I'm sure we'll be seeing a lot more of it considering the recent spike in copper prices.


----------



## Master Mark (Aug 14, 2009)

*type m is ok*

their is really nothign wrong with type m..

YES...L is better, but is used for more commercial situations...

we have used it since forever and never had much
trouble with it at all...

if your home is properly grounded it seems to last for 40 years around here and more....


I am pretty sure its a safe bet that it will outlast almost all of the pex plumbing too....


----------



## PLUMB TIME (Feb 2, 2009)

Master Mark said:


> their is really nothign wrong with type m..
> 
> YES...L is better, but is used for more commercial situations...
> 
> ...


 
I'll take the over on this thread.

A MINIMUM of 65 replies.

Any takers.:whistling2::laughing:


----------



## tungsten plumb (Apr 15, 2010)

Code in california says we have to use type L but im sure most of the hacks use type m for their repipes


----------



## Master Mark (Aug 14, 2009)

*what does it all mean...*



PLUMB TIME said:


> I'll take the over on this thread.
> 
> A MINIMUM of 65 replies.
> 
> Any takers.:whistling2::laughing:


 
hey now... I just thought I would stir up the pot...

but honestly, we have used M since 1950 and its really never been a problem....


----------



## Plumbdog (Jan 27, 2009)

Indie said:


> Over the last several years I have noticed in my area that many houses had been piped with type-m copper.
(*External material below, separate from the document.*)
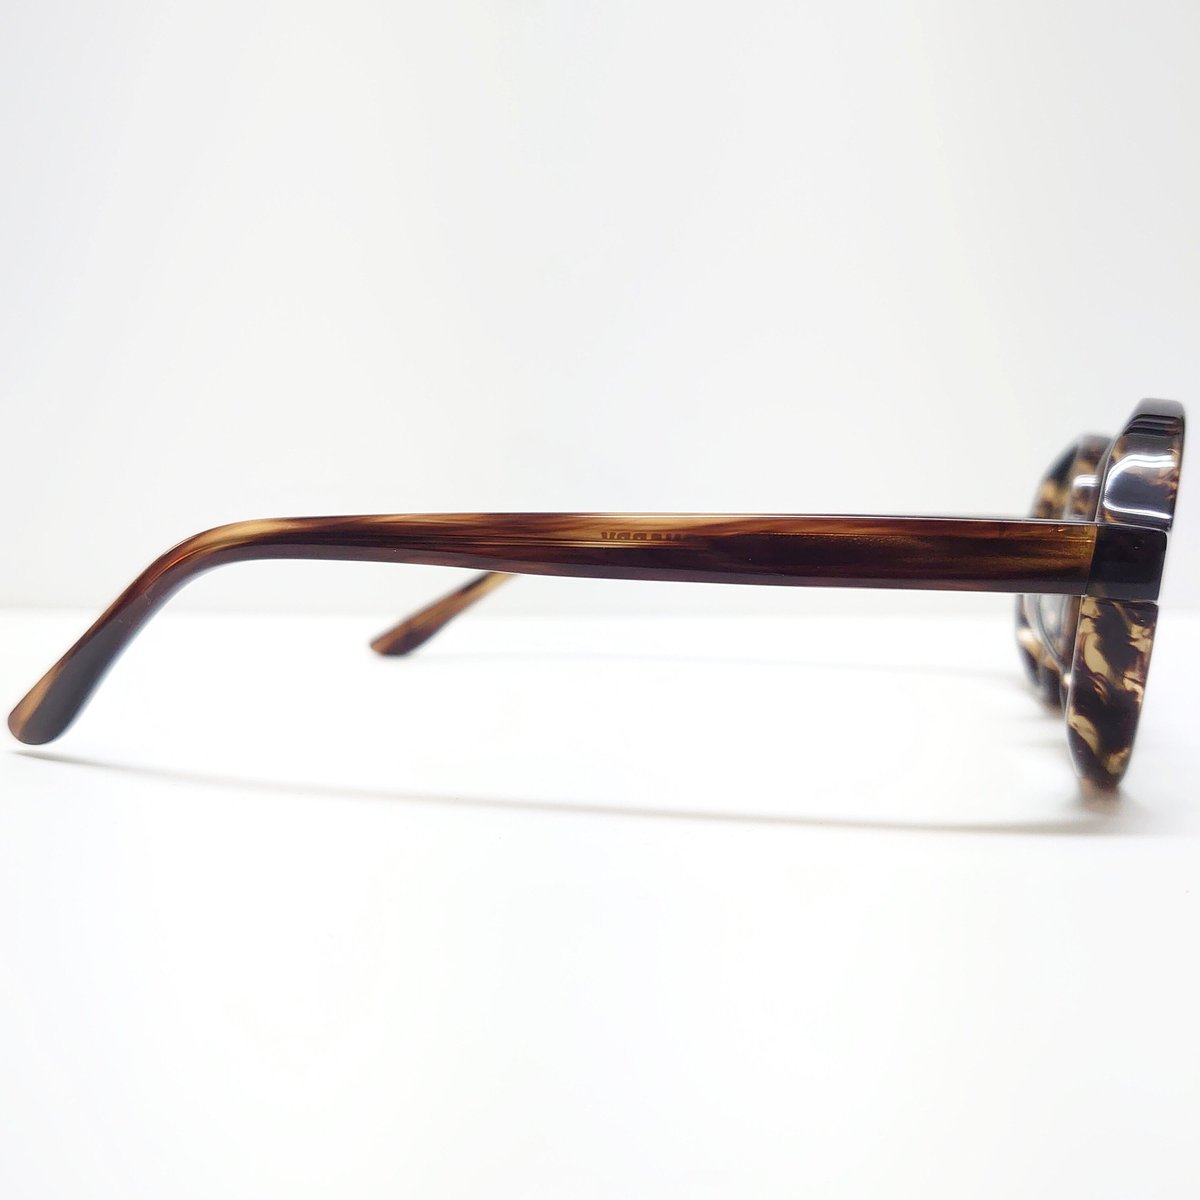 EFFECTOR SNAPPY CO | OPTICAL TAILOR CRADLE

In many cases the copper seems to be thin and weak.
> 
> Most of the time the this discovery was involved with the water heater so I associated it with the heating stress, or something along that line.
> 
> ...


 
When using copper I always use L for domestic water and M for heating applications as most do around here. i haven't noticed many problems with newer M pipe compared with older and we're into our third week of non- stop freeze up calls and it all types of pipe seem to be freezing- L,M,PEX.


----------



## Associated Plum (Nov 4, 2008)

Master Mark said:


> their is really nothign wrong with type m..
> 
> YES...L is better, but is used for more commercial situations...
> 
> ...


"M" has also been used around here for years and the only times I have seen pinholes in copper is on 1/8" ice maker lines and what I am going to refer to as electrolysis. 

If you are getting pinholes on "M' it just going to take a little longer for them to show up in "L".


----------



## user2090 (Sep 26, 2009)

To elaborate.

I have noticed a difference in the homes that are less than 30 years old. The house I went to last night is 25 years old. In my area there are it seems, more problems these "Younger homes" than the older homes. 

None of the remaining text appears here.